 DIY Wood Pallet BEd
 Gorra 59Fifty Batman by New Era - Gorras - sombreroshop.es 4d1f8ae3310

• • • • •

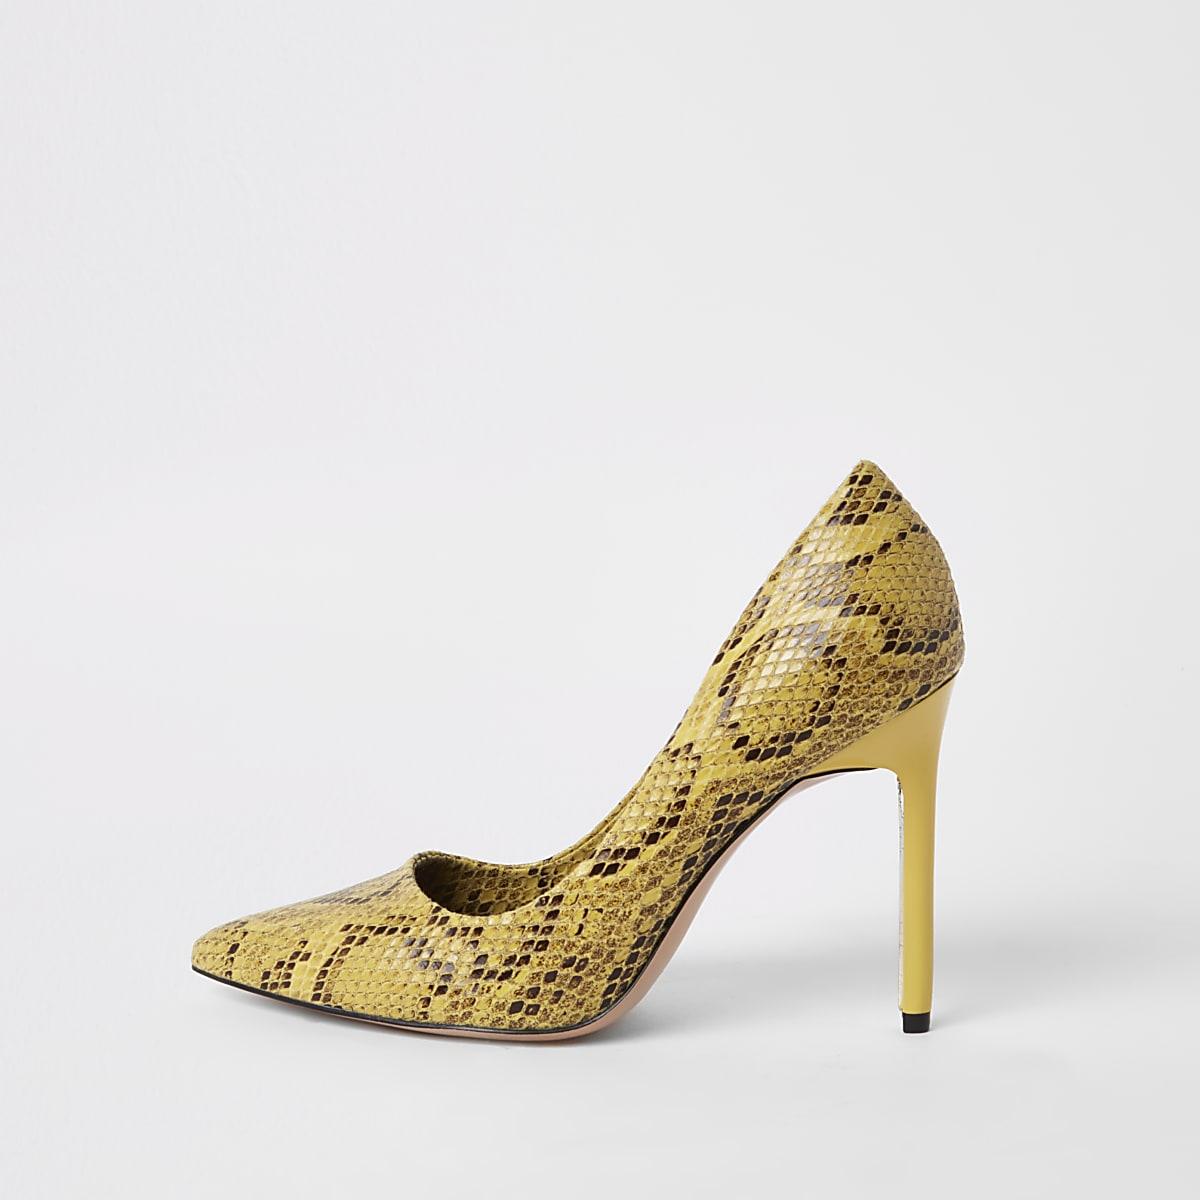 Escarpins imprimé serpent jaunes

• • • • •

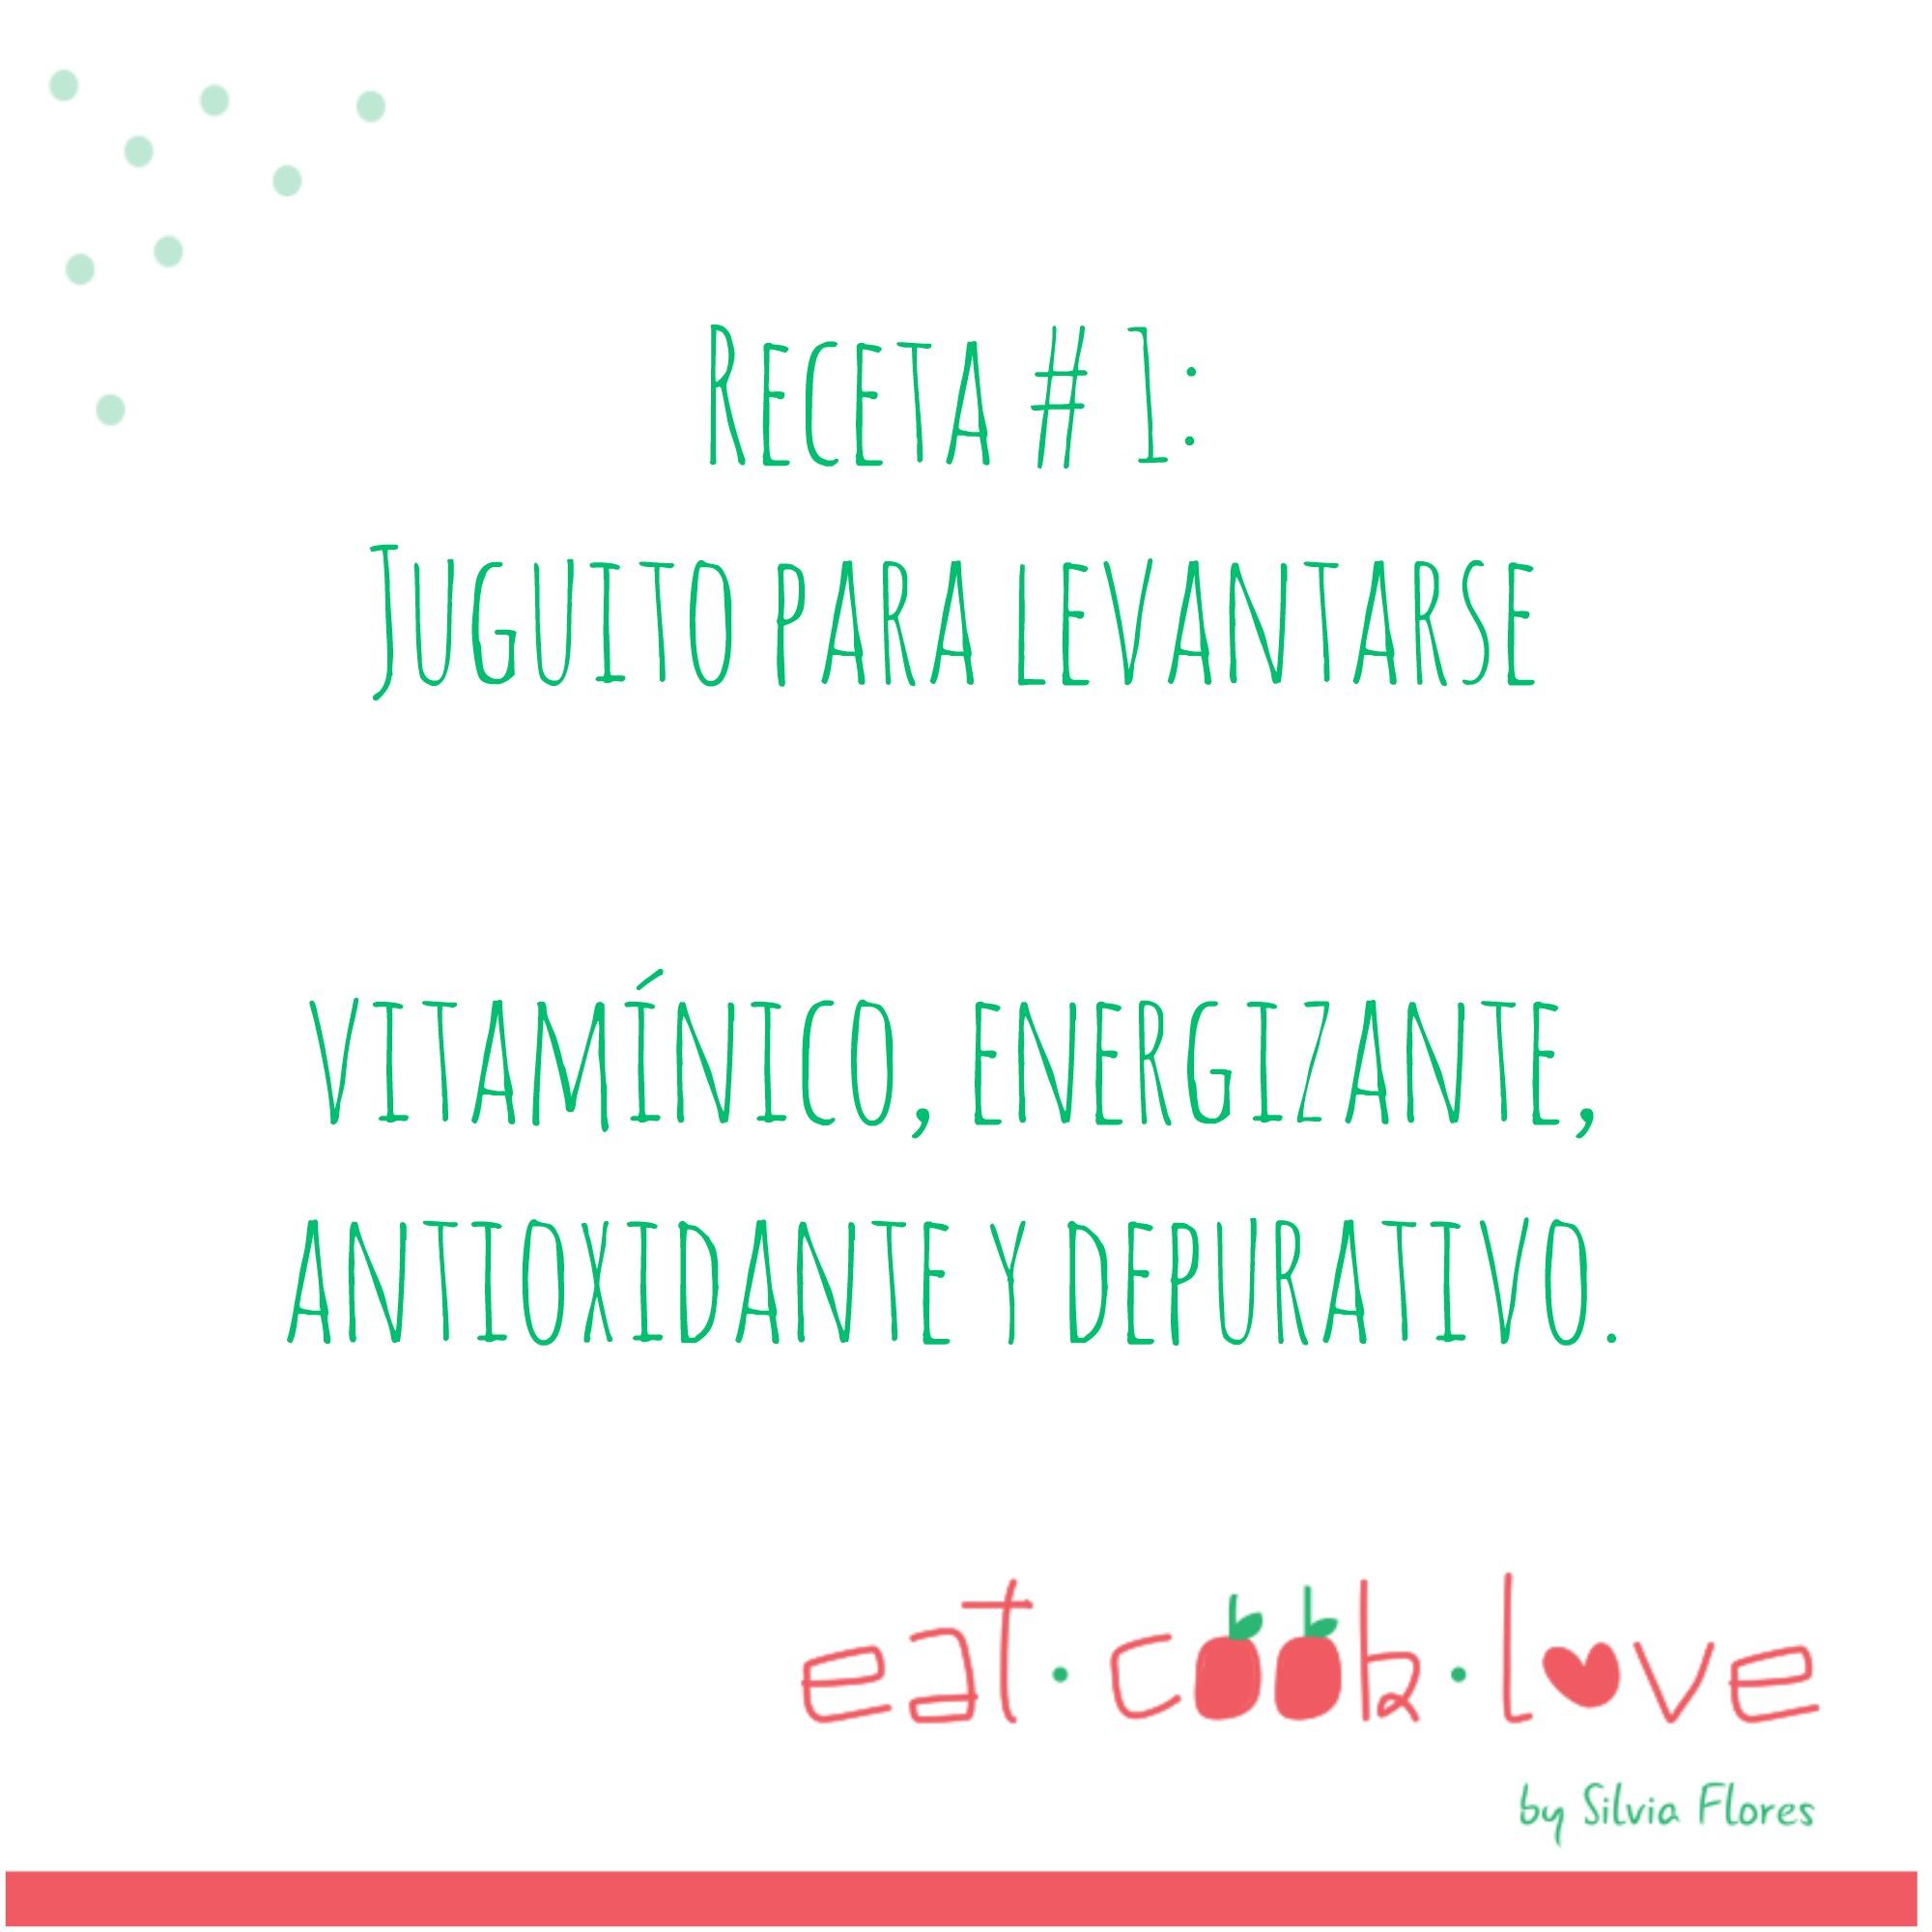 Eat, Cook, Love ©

• • • • •

**What is required:**
Which lines above run from the one containing "DIY Wood Pallet BEd" to the one containing "Gorra 59Fifty Batman"? Give them again exactly, both ends included.

**Response area:**
 DIY Wood Pallet BEd
 Gorra 59Fifty Batman by New Era - Gorras - sombreroshop.es 4d1f8ae3310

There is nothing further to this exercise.